Tuesday 20 October 2015

The Epitome of "Cool".




Academia has got lost within it's own inflated views of it's own special  purpose. An expert on semiotic analysis informed me that the Sponge Bob Sam and vegetable-cartoon  tattoos on a greased up man, languishing on a bed of crinkled tin foil, were "cool". He drew a simile of a Christmas cracker. "Christmas cracker?" I said, looking at a  rather large gold perfume bottle. I responded in disbelief, "I can't quite see it." My personal view was that the Sponge Bob Sam tattoo was a sign of someone  irresponsible  and reckless: I paid for it in marks. The greased up figure put photographs of his own hairy,  bare bum on his personal twitter account a few months later and I then  had solid proof that logic will always prevail over magnified ego.

I will tell you what "cool" is...the volunteer ambulance crews in the  Wheatbelt are "cool"; policemen are "cool". You may ask who the man in the photograph is, while we are talking about "cool". This is a highly experienced pilot, the guy you never see...he has just helped secure a patient who has suffered a massive heart attack onto a flight trolley, in a tin shed, on the side of a runway, in the middle of absolutely no-where.
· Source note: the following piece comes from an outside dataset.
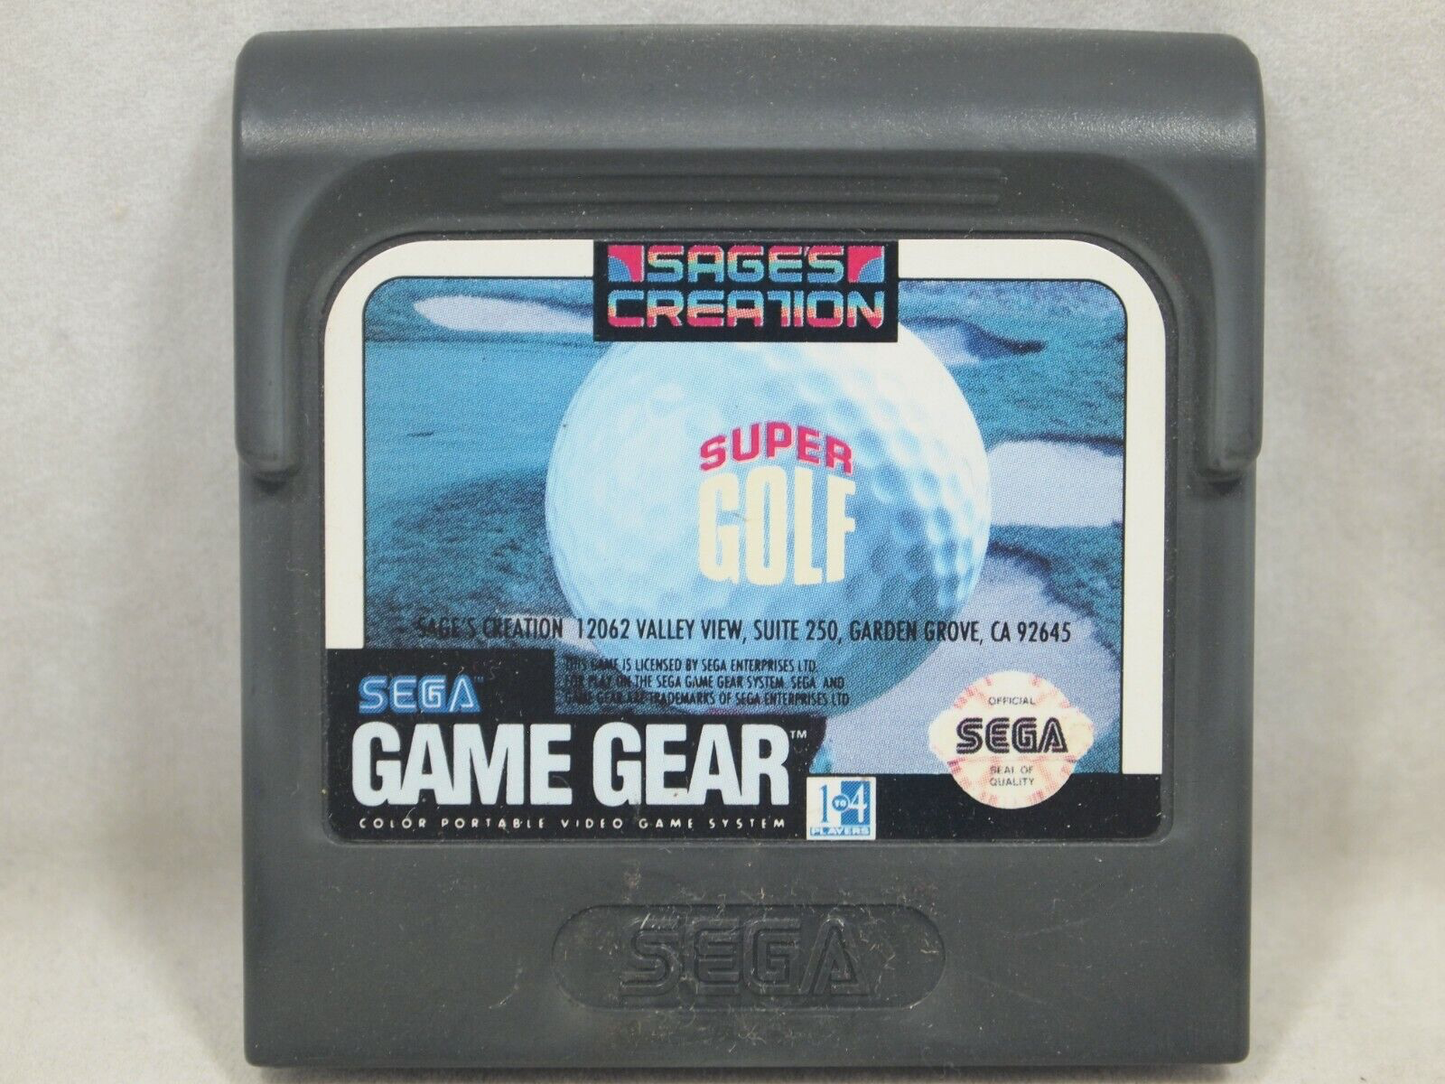 Super Golf - Game Gear

He's then loaded the trolley onto the aircraft's hydraulic lift, raised it up to the level of the flight deck, and transferred the critically ill patient on board for the emergency flight. When the volunteer ambulance crew have cleared the dark runway of kangaroos, the flight checks are done and the RFDS crew cruise down a pitch black runway and do a u-turn. Like a supernatural power, they lift off, sending off fine pieces of gravel in the wind they create. This is "cool"...the epitome of "cool".
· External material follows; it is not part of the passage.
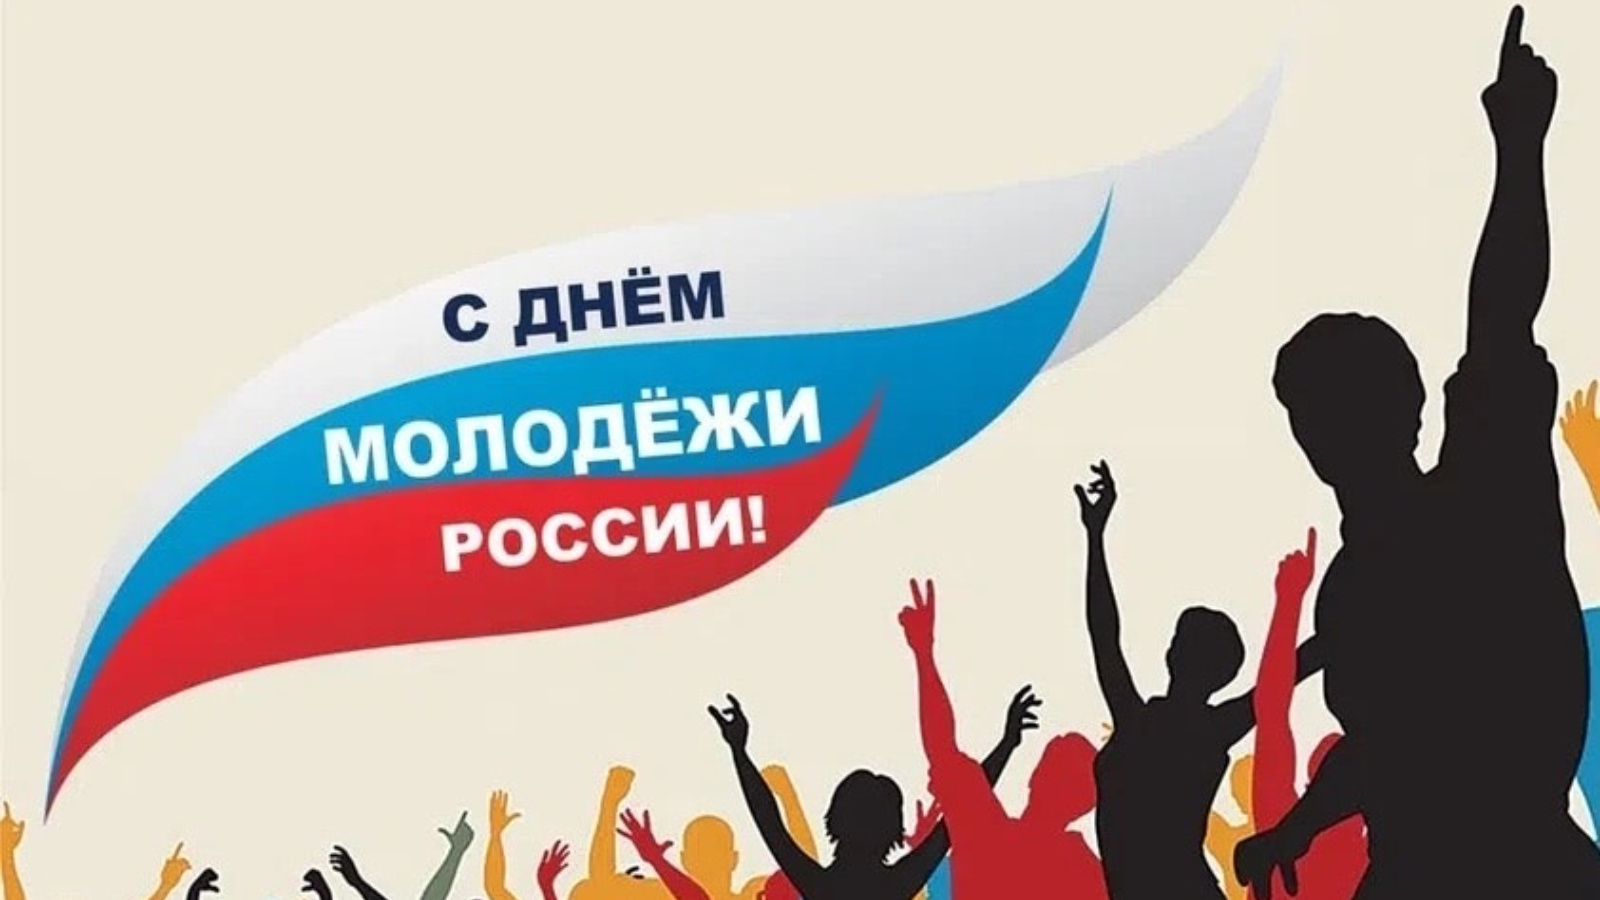 24 27 июня. С днем молодежи. 27 Июня день молодежи. День молодёжи (Россия). С днём молодёжи картинки.

This is the guy that mows the lawn at the local school in one of the small Wheatbelt  towns (Malcolm). He has saved more than a few lives in his time and he doesn't even know he is doing it. He drives the ambulances to one of the rural airports for Royal Flying Doctor evacuations, regularly drives a few hundred kilometres to Perth (sometimes more than once a day), as well as bringing in doctors or paramedics from the chopper when an emergency is really facing a crisis. Some of the runways are sealed but in towns like  Boyupbrook, in the Southwest, the RFDS still land in a farmer's paddock with lanterns. RFDS have an arrangement with local primary schools and the helicopter evacuations use the school football fields (we call this the school oval) to land on. Malcolm is one of many and one in a million.



This is one of the canola and barley farmers, Yvonne (I think barley is used to make beer). She is also one of the Enrolled nurses at Corrigin Hospital - she gets paid. Her grandson has one of the first electronic cochlea implants done in Australia.
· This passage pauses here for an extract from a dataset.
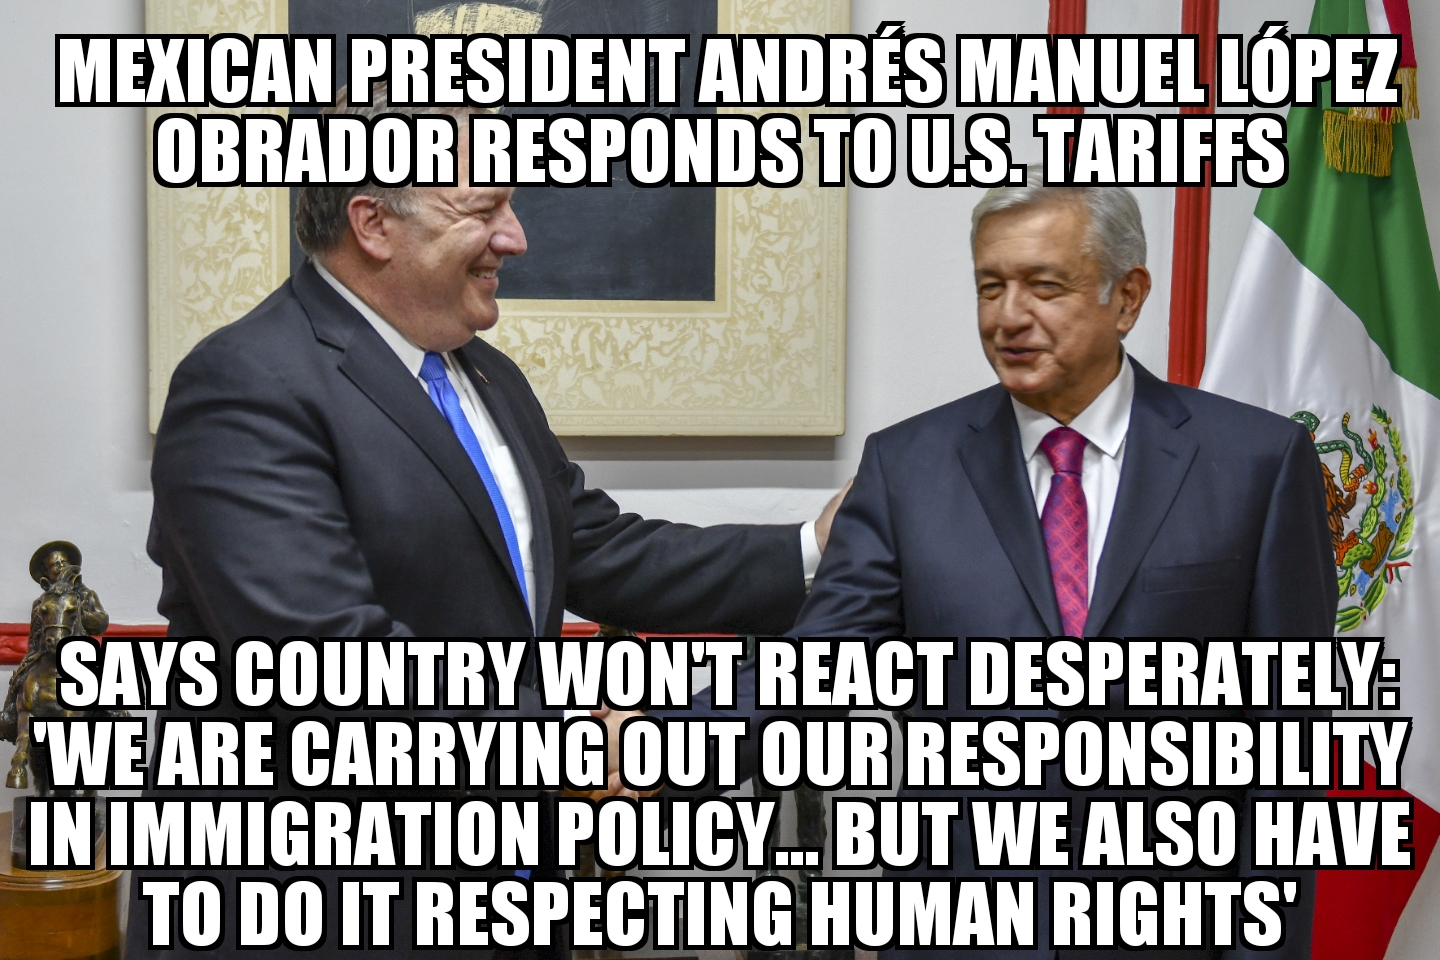 Andrés Manuel López Obrador responds to Trump tariffs

This is one of Saint John's Ambulance volunteers from Gnowangerup, in the Greater Southern, at midnight, one normal night. He is in his jeans and got dragged out the Ongerup pub to give a hand.


I did this plaster backslab with a guy called Steven, when he had just got back from an expedition in Antarctica. Last time I saw him was at Hollywood Hospital in the Intensive Care Unit, looking after a ventillated patient. He hasn't done any more slabs but I have done a few when there have been no doctors on site, before the patients  are transferred to a larger hospital for x-rays.


This is Tammy, one of the Wheatbelt nurses. She organsised expired hospital stock which I took to Kanyana Wildlife Hospital for injured marsupials and wild birds. She also gets paid.